Quando se fala em democratização no gerenciamento organizacional, você encontrará termos como “administração participativa”, “gestão horizontal” e “organizações de hierarquia mínima”. Não importa, falamos da mesma coisa: o compartilhamento de ideias, decisões, soluções e criações.

As grandes empresas globais adotam isso, que são os modelos baseados no que fazem  “Google” ou da “Netflix”, mostrando como chefes e subordinados se relacionam beirando a informalidade e dividem a cumplicidade de ações.

Pois bem: na Revista Pequenas Empresas & Grandes Negócios (Julho/2018), em matéria de Lara Silbiger, o assunto é tratado bem didático.

Por exemplo: “administrar compartilhando” seria ideal para empresas que…:

  1. Confia nos funcionários. Para abrir mão do controle tradicional, o empreendedor precisa ver os empregados como pessoas responsáveis, criativas e capazes de tomar decisões.
  2. Estão dispostas a apostar na distribuição das atividades de gestão entre equipes habilitadas e definir prioridades a planejar e a tomar decisões.
  3. Investem no engajamento e na formação de pessoas, uma vez que a adesão à gestão descentralizadas pressupõe uma chuva de aprendizagem.
  4. Adotam avaliações de desemprenho e reuniões de Feedback para fazer uma leitura mais precisa de quanto cada pessoa colabora para os resultados.
  5. Estão dispostas a discutir se a remuneração dos funcionários reflete, na mesma proporção, o valor que eles agregam aos resultados do negócio.
  6. Têm como alicerce uma gestão baseada em princípios de governança, como ética, responsabilidade, compliance e respeito à sustentabilidade.

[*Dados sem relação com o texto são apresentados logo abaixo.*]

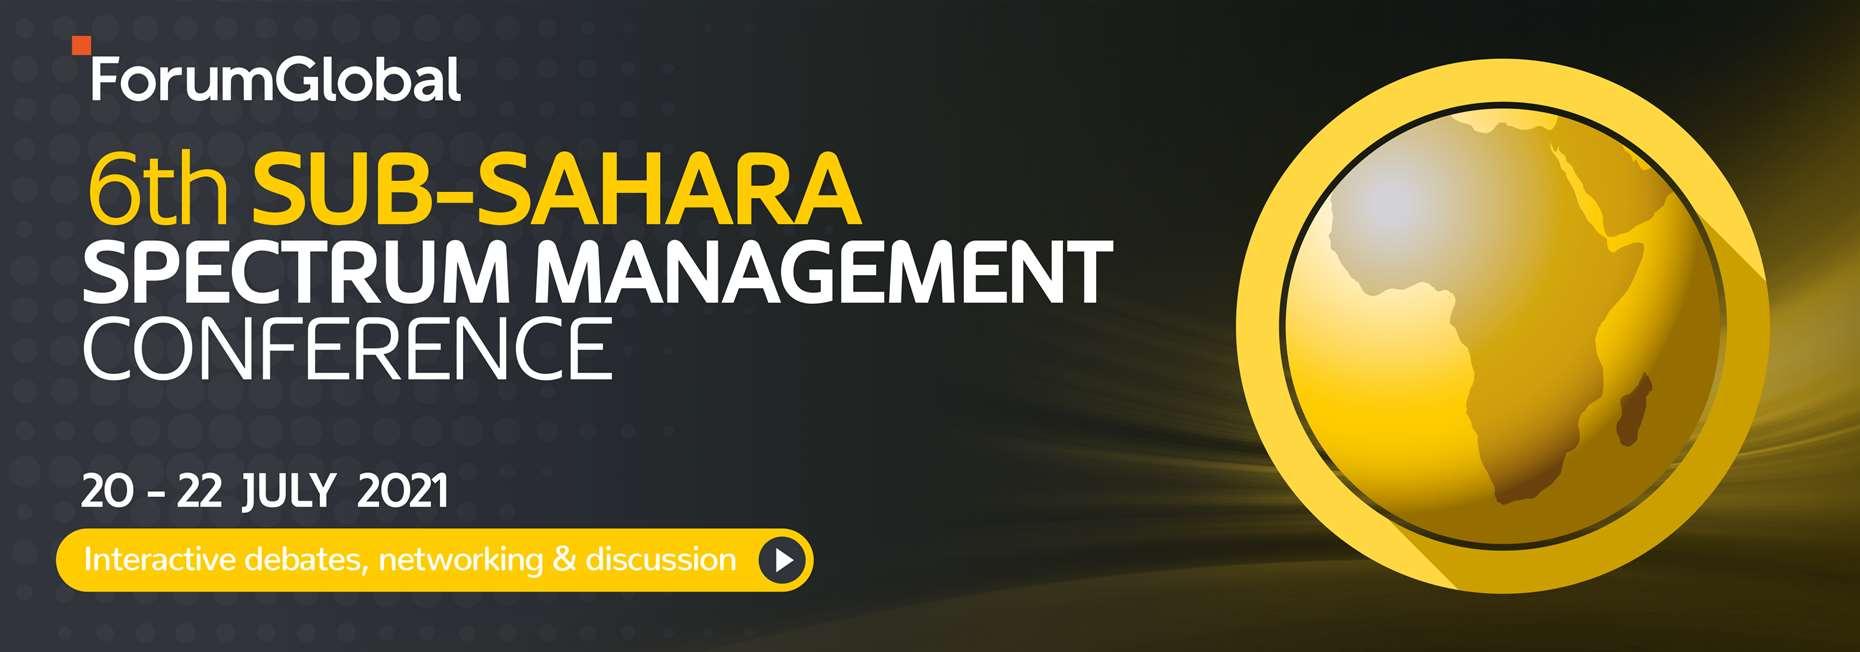 Sub Sahara Spectrum Management Conference Calls for Internet Accessibility

Além disso, os modelos de gestão compartilhada poderiam ser com (seus prós e contras): Sociocracia, Holacracia, e Management 3.0 – mas aqui ficará para uma outra postagem.

Claro, para que isso funcione, são necessárias algumas atitudes descentralizadas, como:

  1. Envolva nas discussões todas as pessoas que serão impactos pela decisão ou que serão relevantes para a evolução da iniciativa.
  2. Valorize a diversidade de experiências e de competências das pessoas que formam o grupo.
  3. Descubra o que elas têm em comum e que pode alavancar a participação colaborativa, como metas, aspirações e valores.
  4. Evite crítica precoces e abra mão de defender só os seus pontos de vista. Escute cada proposta com foco nas contribuições que pode trazer para o negócio.
  5. Não tema as possíveis tensões. Elas são parte essencial do processo de geração de novas ideias.
  6. Identifique as semelhanças entre as pessoas. isso aumenta a confiança umas nas outras e ainda minimiza antagonismos.
  7. Crie um ambiente que estimule o convívio coletivo. Os espaços de trabalho devem favorecer a comunicação sem barreiras físicas.

De fato, a distância hierárquica das organizações está cada vez menor e não cabe mais tanto distanciamento entre os níveis de pessoal.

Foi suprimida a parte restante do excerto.